Archie has no patience for such queries: “What kind of question is that?”

Edith persists: “Do you still love me?”

“Of course I still love you. Why do you ask?”

“You never tell me that you love me.”

“That’s not true. On our wedding night, I said, ‘Edith, I love you.’”

“But I gotta hear it more than that.”

Obviously frustrated, Archie responds, “Whaddaya mean? I told you once. That should be enough. If it ever changes, I’ll let you know.”

For years, I was negligent in expressing those words, “I love you,” although I’d like to think I wasn’t as insensitive as Archie Bunker. The thing about insensitive people is that they usually don’t realize they are insensitive. No one ever shook me and said, “Wake up, you ignorant imp, and tell people you love that you love them.” My awakening to my insensitivity in that area was more gradual, like how the rising sun reveals those weeds in your garden that you noticed earlier that morning but somehow passed over and upon seeing them at mid-day, you say, “Geez, I knew they were there, but didn’t realize it was that bad. I’ve got to do something about that this afternoon.” 

So years ago I developed the habit of saying those three words. I tell my kids I love them every time we talk or text or email.

I tell my wife, Lori, I love her several times a day. Sometimes I verbalize it, other times I text it, and other times I leave her a note somewhere, like next to the coffee pot or on the bathroom mirror.

When she returns from an out of town trip, I’ll go all out and make a poster, maybe with a smiley face or a stick figure of me with welcoming arms, and crude as my drawing may be, it says it. 

I hope my kids pick up on the habit, not just for romantic relationships but for mom, too. It’s important that moms hear their children say, “I love you.”

Lori reminded me of that the other day after one of those times when I said, “I love you.”

“Do you tell your mom that? It’s important that she hears it.”

As a matter of fact, I do, every time we talk.

But I need to call more. Mom needs to hear it more. Two or three times a week isn’t enough.

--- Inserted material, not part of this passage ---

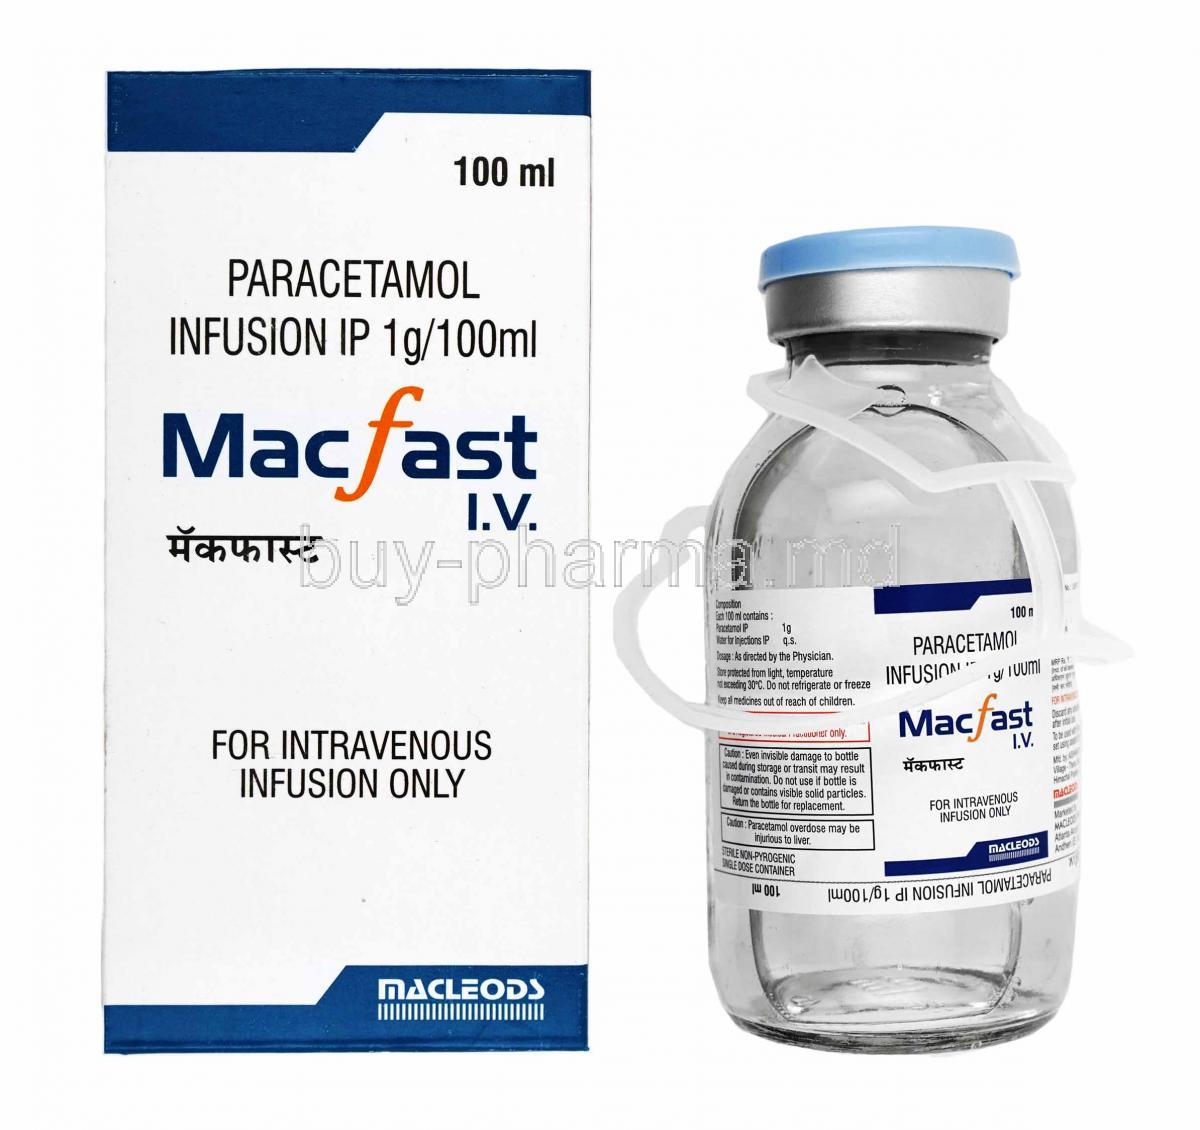 Macfast Infusion, Paracetamol box and bottle

I can hear mom’s voice lilt whenever I say,  “I love you, Mom.”

“Day-vid” (she almost sings it as she emphasizes that first syllable), that means soo much to me.”

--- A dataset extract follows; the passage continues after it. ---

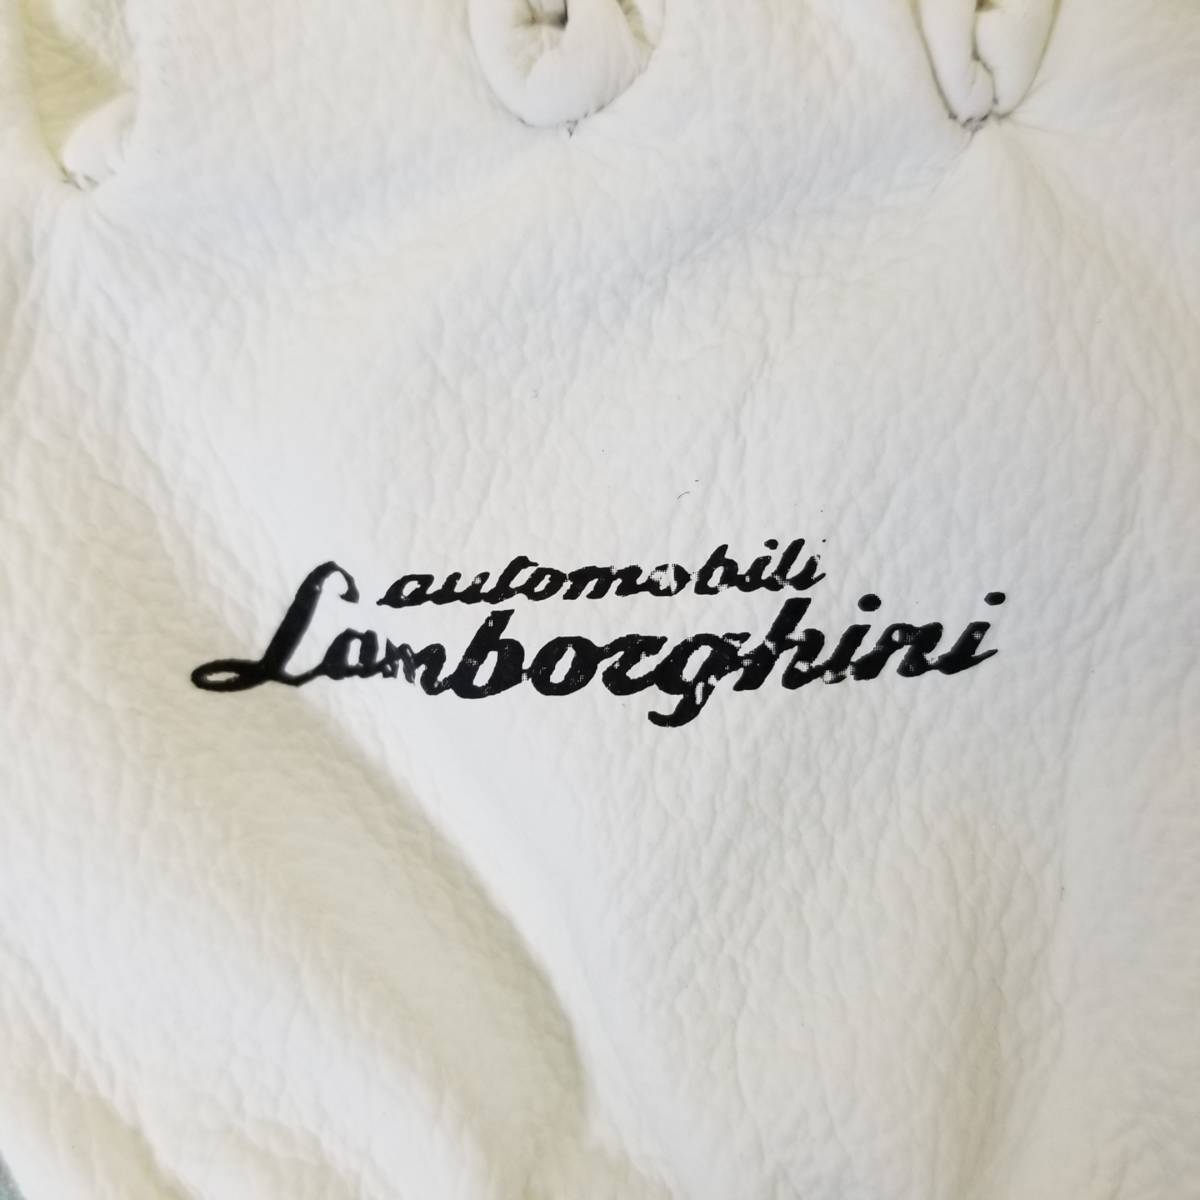  Lamborghini original Aventador loaded tool Work glove gloves army hand tool kit white present accessory collection ku-3

Then she proceeds to tell me how much she loves all of us, “all my boys,” meaning my two older brothers as well as me.

Mom’s 93 years young now and still loves to hear those words, “I love you, Mom.”

But I have to mean it when I say it.  I think of the line in Snow Patrol’s popular song, “Chasing Cars.”

“Those three words
Are said too much.
They’re not enough.”

“I love you,” has to be reinforced by loving behaviors.

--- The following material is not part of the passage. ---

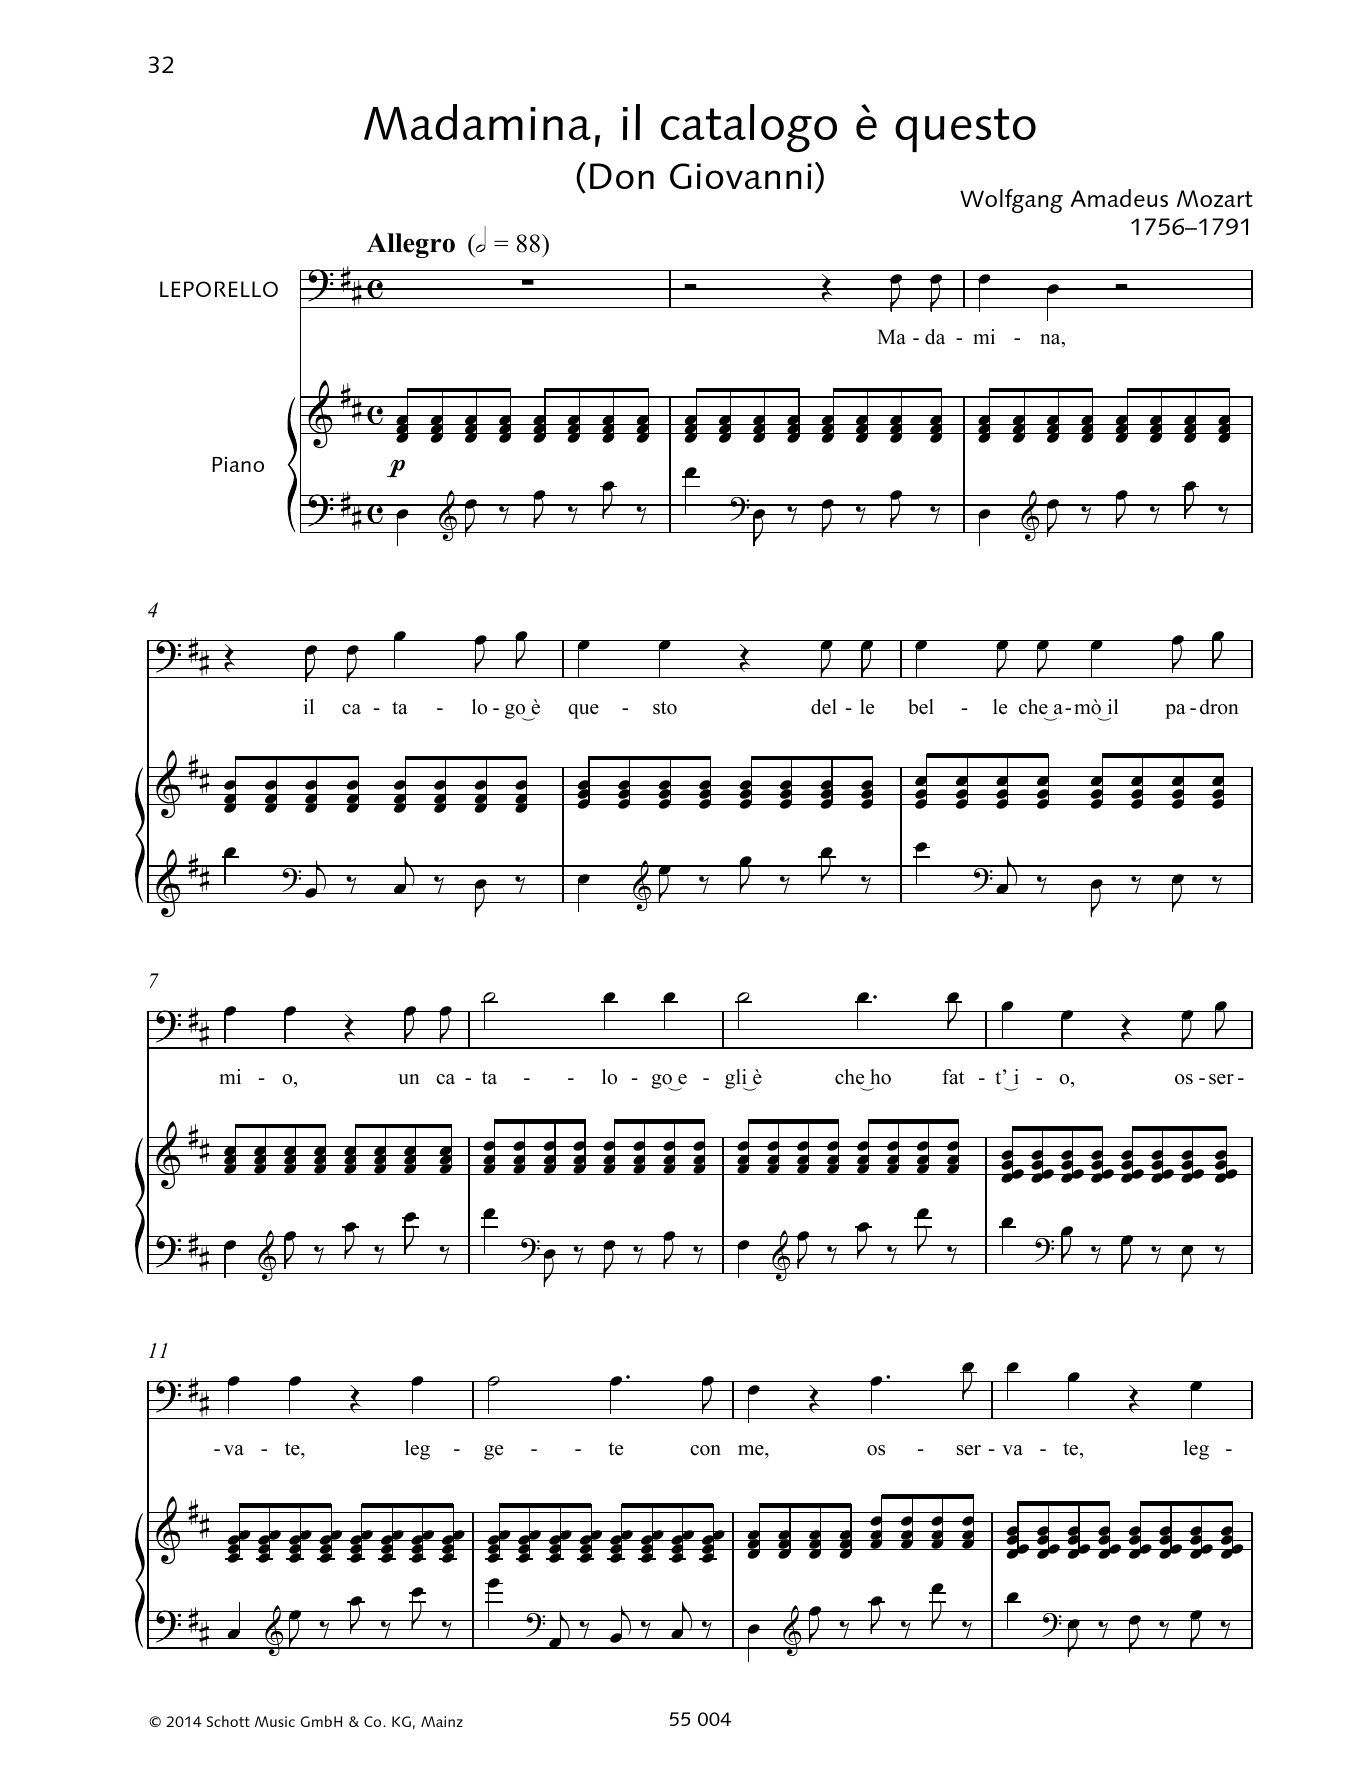 Wolfgang Amadeus Mozart Madamina, il catalogo è questo Sheet Music Notes & Chords for Piano & Vocal - Download or Print PDF

But of course there is no possible way my words,  “I love you,” can match Mom’s. I’ve been much more of a recipient than a giver. 

Mom was always there not just with the words but with the heart, too.

So, Mom, you were saying, “I love you,” before I could understand the words. From childbirth to staying up all night  (okay, more than one night) for a sick kid, you were saying it.

From taking me to and from school day after day---even when I told you not to hug me in front of my friends and to please let me out of the car before we actually arrived at Washington Elementary---you were saying it.

You were saying it with perfect attendance at hundreds of ball games and my only piano recital. (Sorry I quit before the second one ever transpired.)

You said it by tapping your foot and frowning at me when I sneaked the car out at age 15, mistakenly thinking I had tiptoed past the home security system called “Mom and Dad.”

You said it with your smile at the numerous graduation ceremonies you endured, wondering if I would ever get out of school.

You said it to us, “your boys,” by instilling in each of us a healthy love for others and ourselves.

You never needed to say: “I love you.”

I always knew it.

But I’m so glad you said it.


Like Edith Bunker, I needed to hear it.